3A cultura da violência existe e cresce.Segundo essa assertiva, uma cultura
específica encapsularia a violência em certas sociedades ou civilizações. Mas a
violência não se refere aos critérios de tal ou qual civilização, nem às regras
de uma sociedade dada, nem mesmo de um tempo histórico determinado. Ela é
imanente ou presente, mesmo que limitada ou relativamente controlada, em todas
as culturas, assim como a cultura da paz. Tem outros nomes na antropologia:
reciprocidade negativa ou positiva e destruição de coisas e pessoas ou
construção de laços sociais mesmo entre inimigos, numa visão que é dicotômica
mas que não exclui a tensão permanente entre esses dois pólos nos confrontos
competitivos e conflitivos do potlacht, do esporte moderno e de muitas trocas
agônicas. Nessas trocas, as regras que impedem a completa destruição dos outros
são acordadas e vigoram para que o jogo continue. Quando a violência irrompe,
muitas vezes, por uma conjunção de ações retroalimentadas por outras ações
individuais ou coletivas, ela é governada não apenas pelo cálculo racional, mas
pela paixão ou emoção descontrolada.
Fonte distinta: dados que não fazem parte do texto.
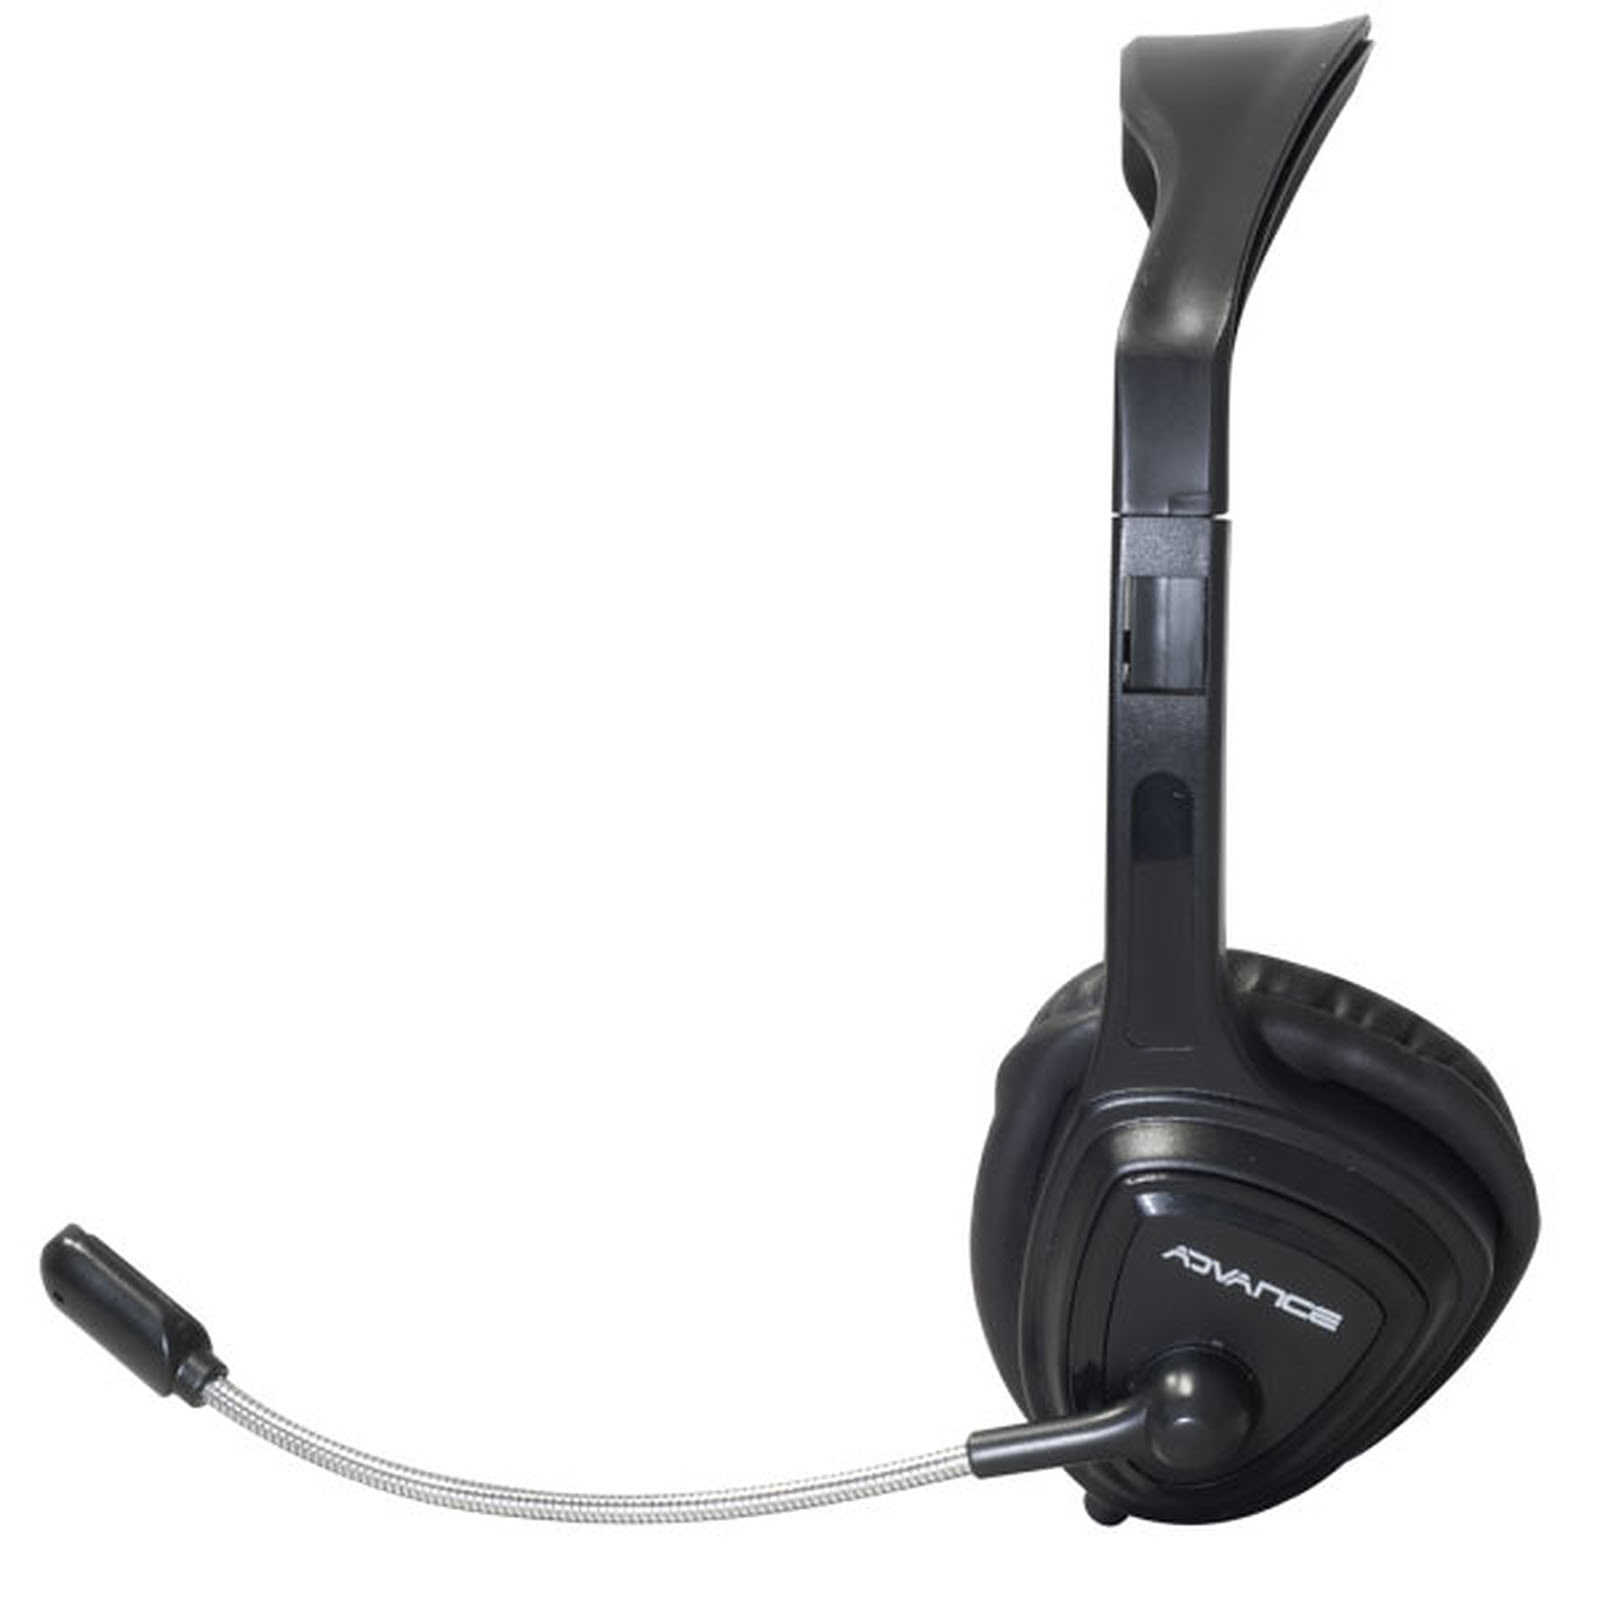 Advance Headphonics Smart Stereo Noir - Micro-casque - grosbill-pro.com - 4
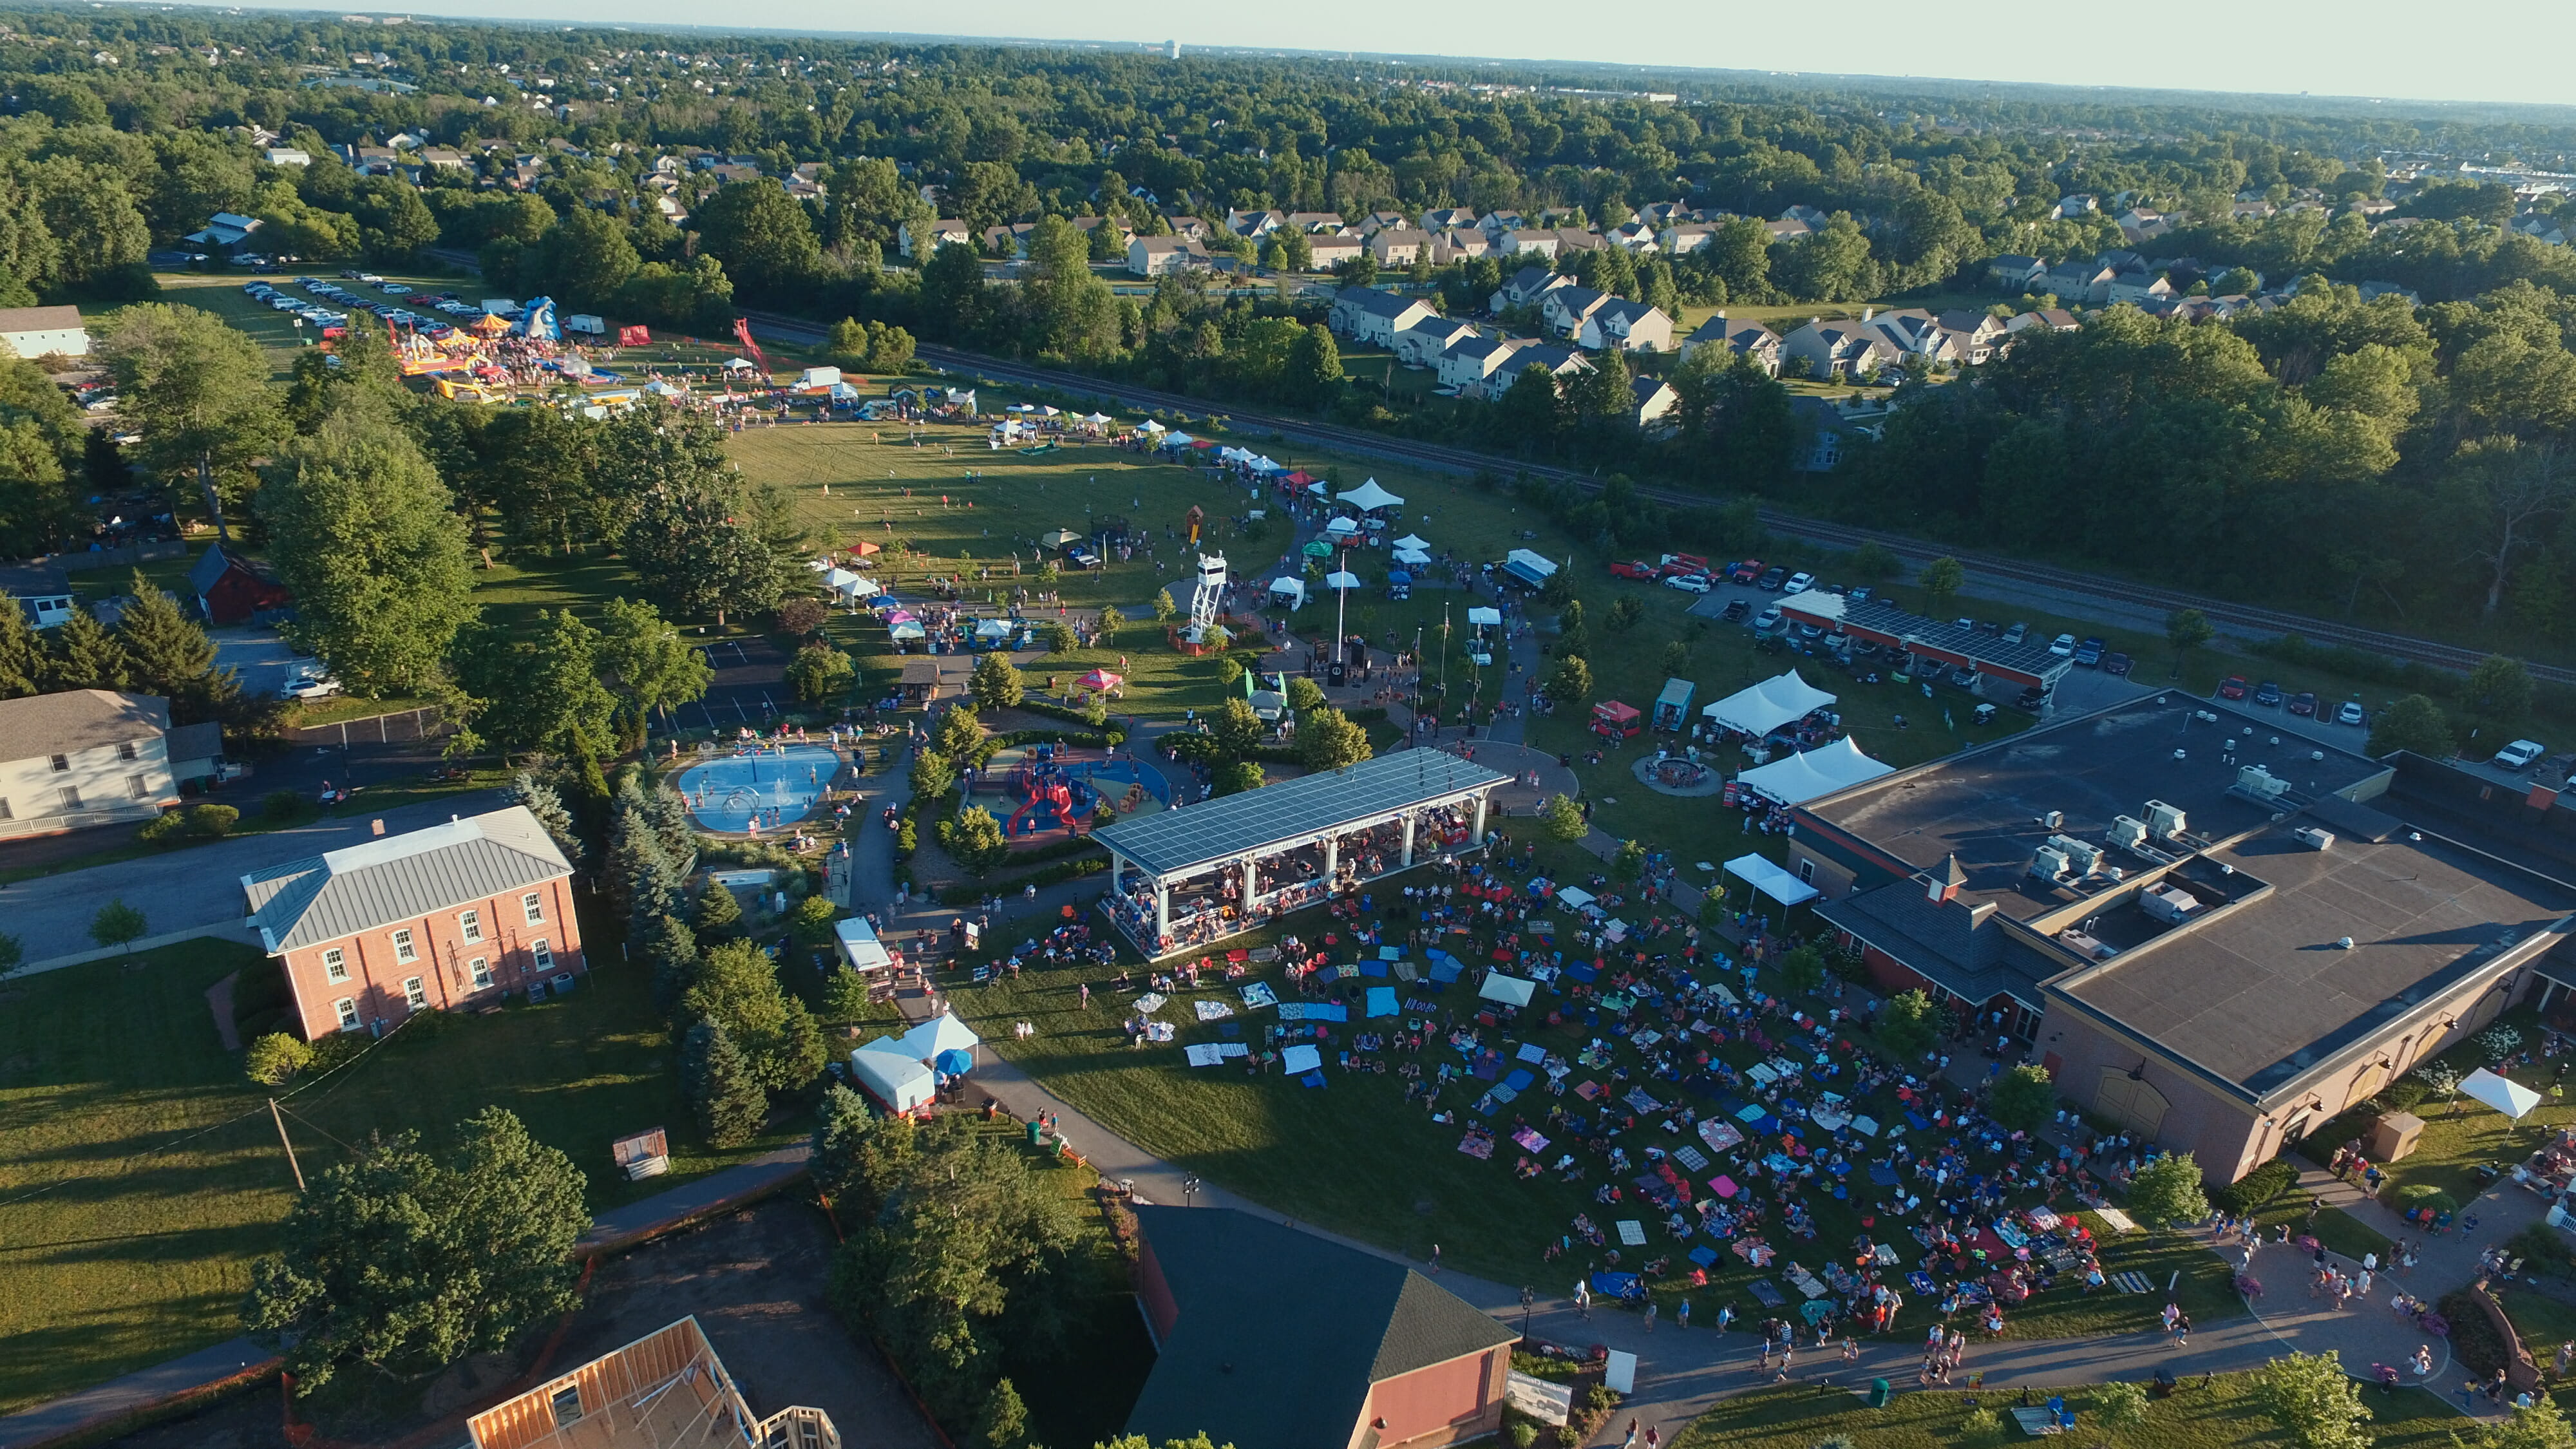 City of Powell, Ohio Powell Festival celebrates 20th anniversary

A violência absoluta se exalta e se
propaga indefinidamente no circuito das vinganças, mas também dos prazeres
destrutivos que se tornam viciados e excessivos. Quando baseada no massacre ou
no terror, ela inverte o mundo familiar, cria a incerteza, destrói a
previsibilidade das ações. Os olhares tornam-se vagos, não há mais terreno
seguro, perde-se o chão, o abrigo e a proteção, tal como vimos acontecer ao
vivo e em cores no dia 11 de setembro de 2001, em Nova Iorque, mas também no
Iraque e no Afeganistão. Tais ações descontroladas não são mais combates entre
duas quadrilhas ou grupos em guerra, mas verdadeiros massacres de quem não está
envolvido e não tem meios de defesa, porque os massacres acontecem dentro de
ambientes fechados (como nas torres do WTC). Esses excessos, no Brasil, são
promovidos pelos grupos de extermínio, sejam eles compostos de policiais ou
traficantes, dentro de casas, bares, favelas, onde o fator surpresa impede que
as vítimas fujam (às vezes para serem caçadas) ou se defendam com armas de
potência similar. As conseqüências sociais são catastróficas na medida em que
não é mais possível prever o comportamento alheio, deixando portanto de
funcionar os parâmetros do perigo e da ordem, assim como os fundamentos da
confiança, sem a qual não existe vínculo social positivo. Nessas situações, é o
medo sem direção, isto é, o pânico que prevalece. Atinge, embora desigualmente,
tanto os pobres e camadas médias da favela quanto os pobres e camadas médias do
asfalto, os primeiros porque estão no centro da ação de guerra e são vítimas de
crimes violentos, os segundos por estarem na periferia da ação e por serem
vítimas de crimes contra a propriedade. Uma estratégia pública muito bem
pensada e muito eficaz precisa ser montada para interromper esse circuito.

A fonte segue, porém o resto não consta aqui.